AutorCardoso, Rodrigo T.N.
  1. Introduction

    The financial market generally allows investors to obtain higher profits, with the counterpoint of being exposed to greater risks. Therefore, investors are interested in simultaneously maximizing profits and minimizing risks. Using mathematical and computational models is proven to be decisively helpful in achieving optimal investments in stock markets. Markowitz (1952) was the first to establish a model based on diversification, with the premise that stock prices are normally distributed. In his work, the return of a portfolio is considered as the weighting of the expected values of the individual assets' returns, and the risk is considered as the variance or dispersion of the assets returns series in relation to the expected value (Nawrocki, 1999).

    In portfolio selection, the higher the return, the greater the risk incurred, and there are two conflicting objectives. Thus, the investor must make a tradeoff between risk and return. Therefore, a multiobjective model is considered here, which presents solutions of compromise between risk and return as the final answer. The model also considers a cardinality constraint, with a given minimum and maximum quantity of assets to be included in the portfolio. The inclusion of the cardinality constraint greatly increases the algorithmic complexity of the solution (Cheng & Gao, 2015), so that the use of computational techniques as evolutionary algorithms is advisable to ensure good solutions in a reasonable time.

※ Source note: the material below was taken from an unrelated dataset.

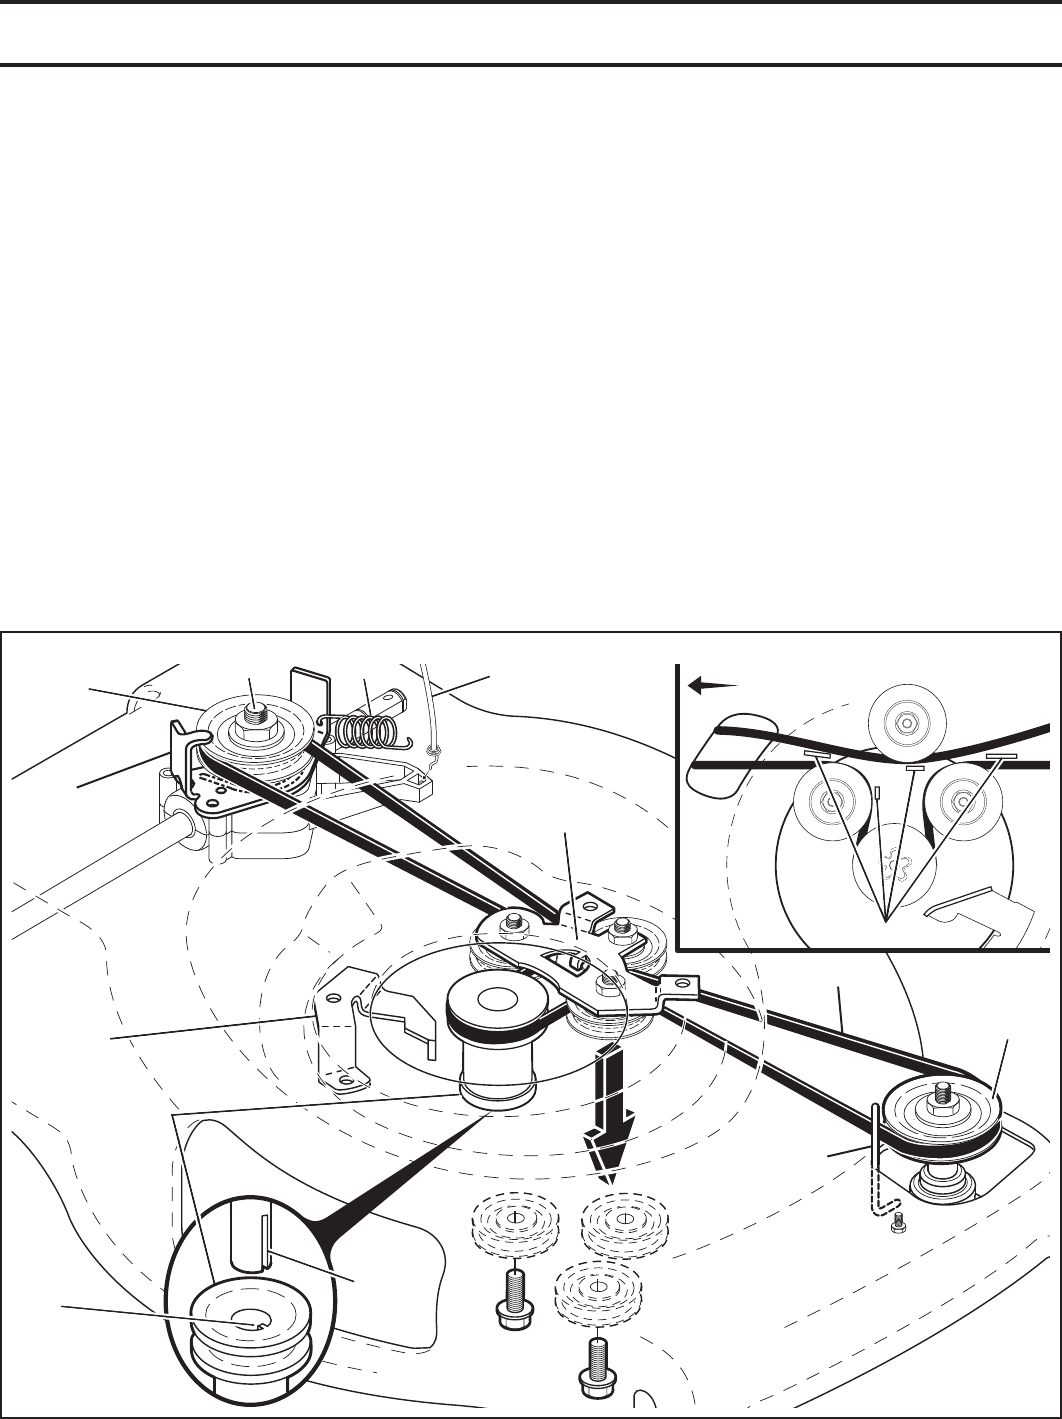 Husqvarna HU800AWD TO REPLACE DRIVE BELT (See Figs. 19 & 20)

    A risk measure can be defined as a function that associates to each distribution a number which describes its riskiness (Roman & Mitra, 2009). The study of new measures of risk is important since several financial catastrophes have shown the need to better evaluate the risk of investments. In fact, several risk models have been proposed taking into account that the return distributions may have heavy tails and fluctuations in the second moment of prices (Rosario, Mantegna & Stanley, 2000).

    This work considers the comparison of the following risk measures in the Brazilian market case: variance, Exponentially Weighted Moving Average (EWMA), Generalized Autoregressive Conditional Heterosedasticity (GARCH), semivariance, Value at Risk (VaR), and Conditional Value at Risk (CVaR).

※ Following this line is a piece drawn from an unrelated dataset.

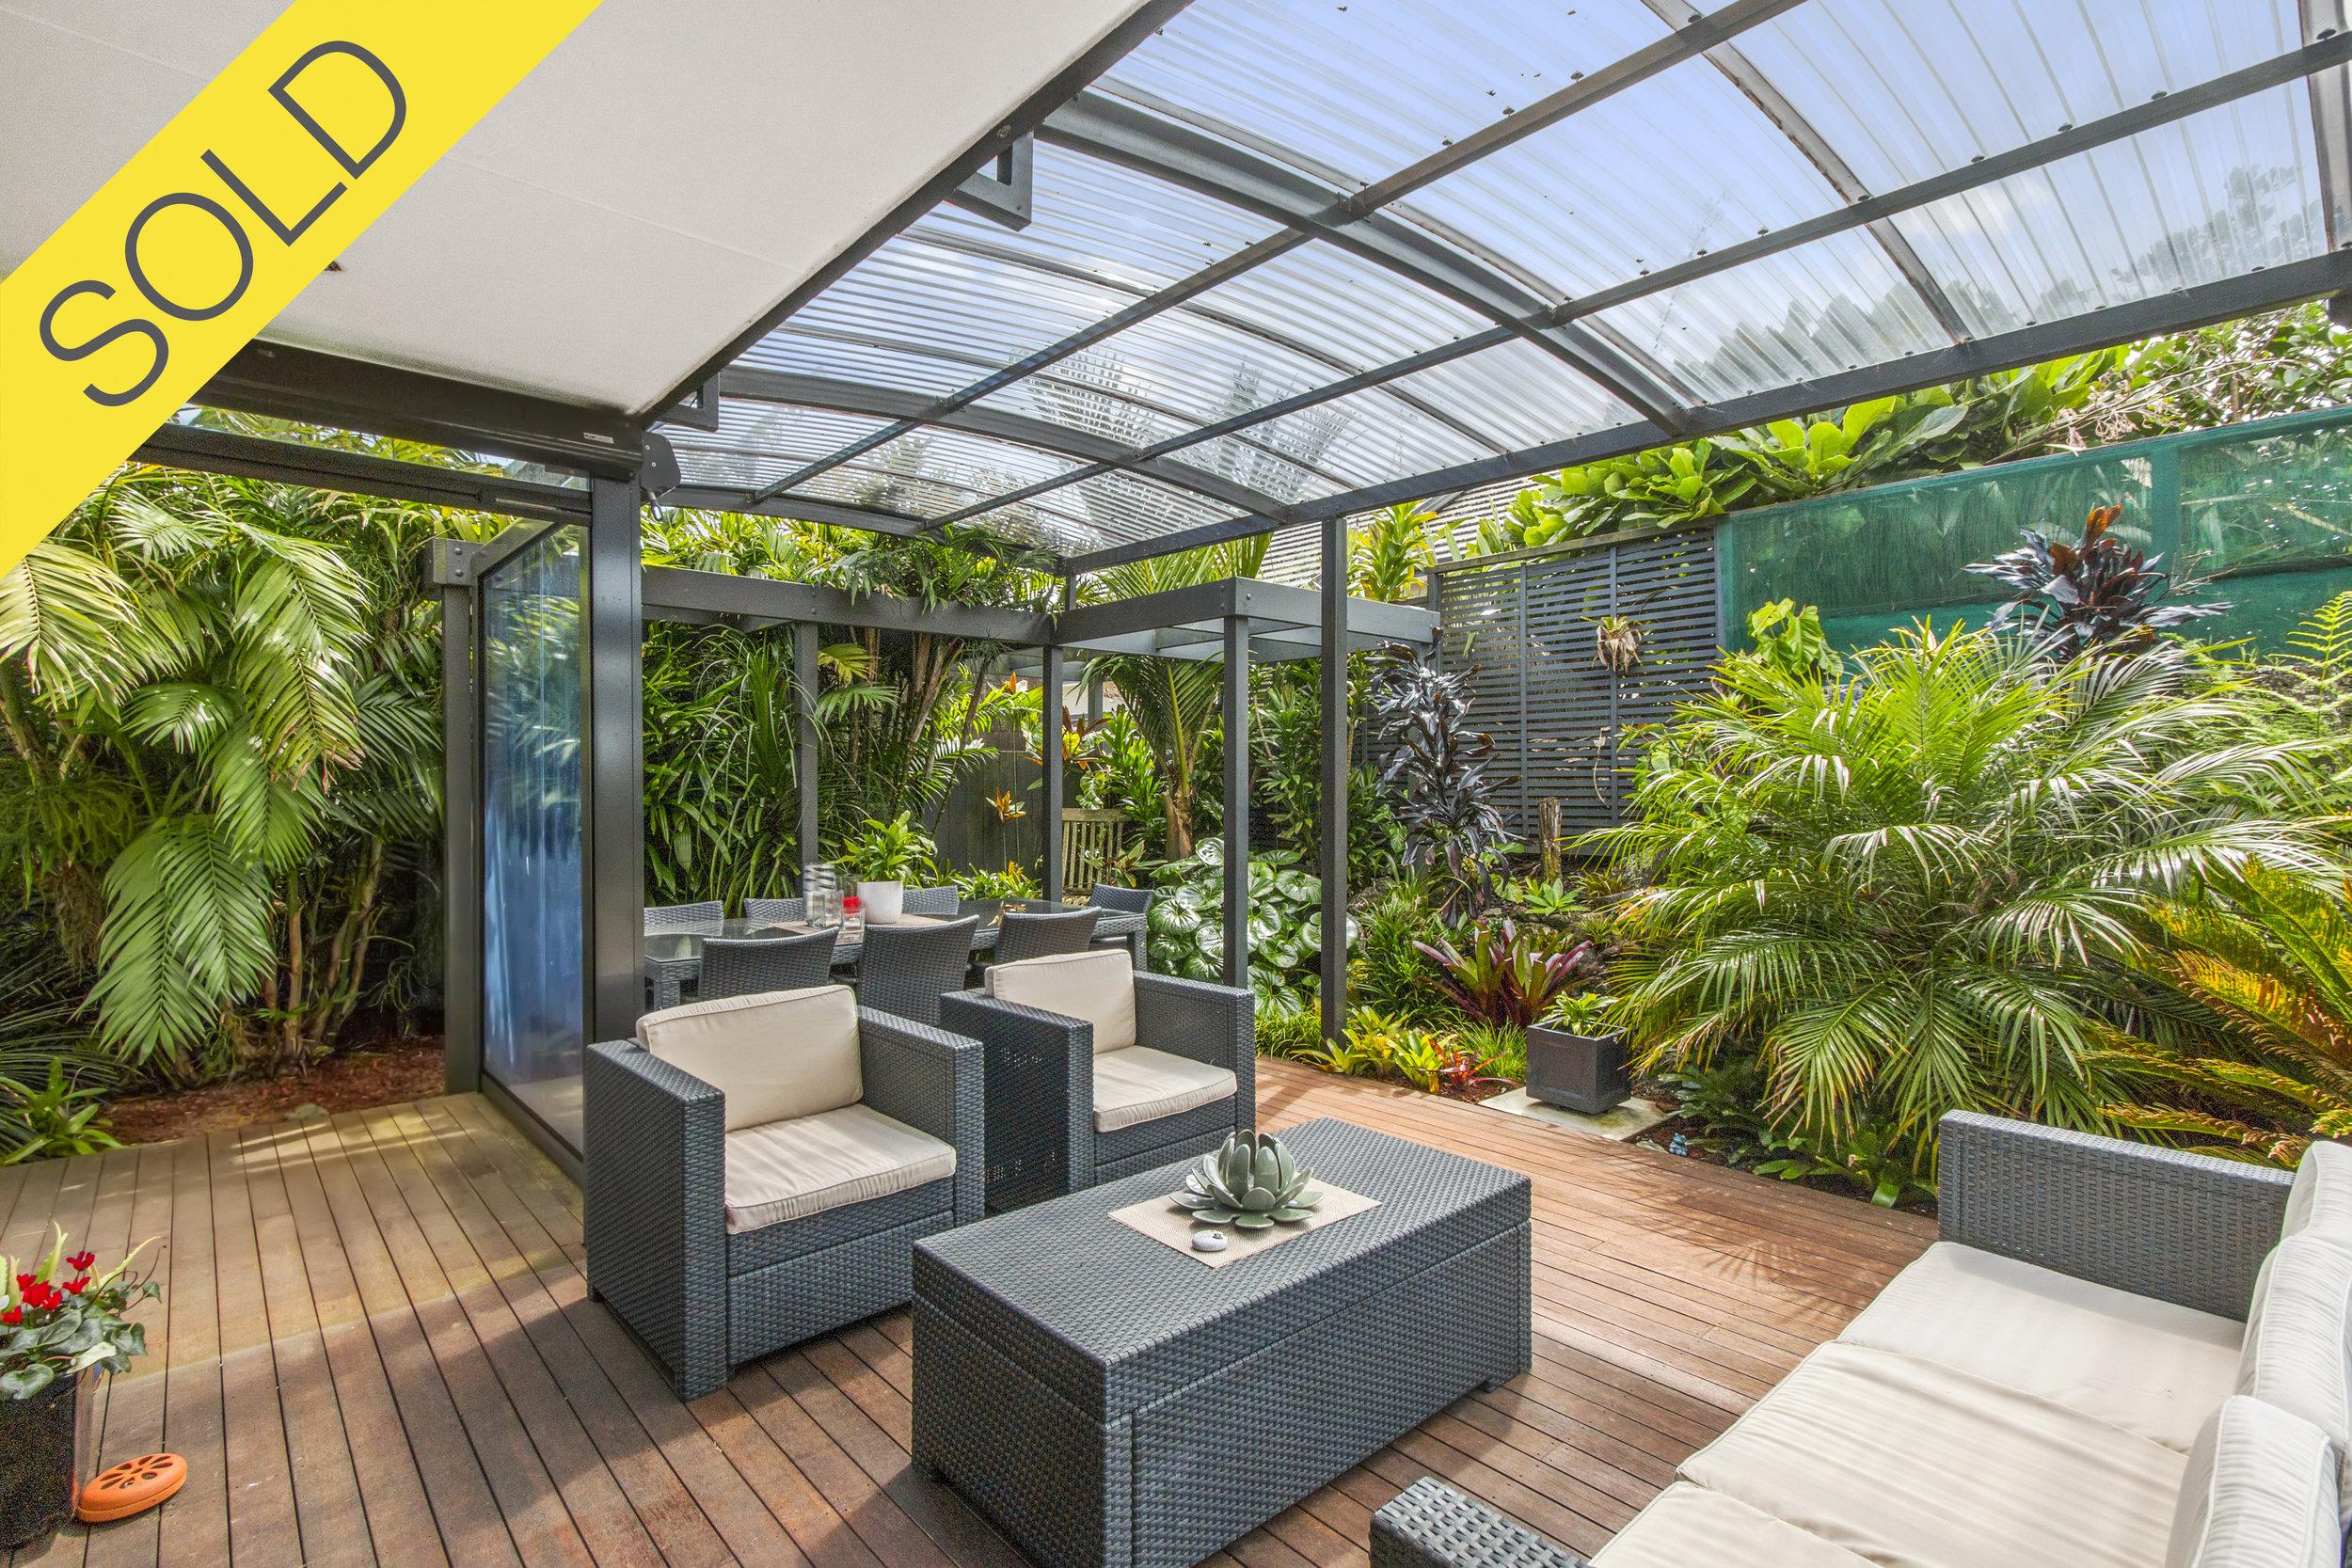 26A Horotutu Road, Greenlane, Auckland - SOLD NOVEMBER 20174 Beds I 3 Baths I 2 Parking

    In fact, the variance as a measure of risk, as proposed by Markovitz, is subject to many criticisms. For example, it considers the price variation as the risk and, thus, returns below and above expectations are equally treated. Given this scenario, downside risk measures, such as VaR and CVaR, which consider just the risk from the perspective of losses, have gained ground over the years (Guo, Chan, Wong & Zhu, 2019). In view of that, risk aversion is one of the premises of this work, assuming that when the return is constant, investors always choose the lowest risk portfolio. Furthermore, some articles have also dealt with traditional volatility measures, such as EWMA and GARCH, as the risk measure in portfolio selection problems (Sahamkhadam, Stephan & Ostermark, 2018; Tang & Do, 2019).

    Portfolio optimization problems with cardinality constraints cannot be solved by global techniques from discrete optimization (Burdakov, Kanzow & Schwartz, 2016). Furthermore, genetic algorithms have been used in the multiobjective portfolio optimization literature, both because they represent a good alternative in the face of hard optimization problems and also because they simultaneously generate several nondominated solutions in each execution run (Ferreira, Barroso, Hanaoka, Paiva & Cardoso, 2017).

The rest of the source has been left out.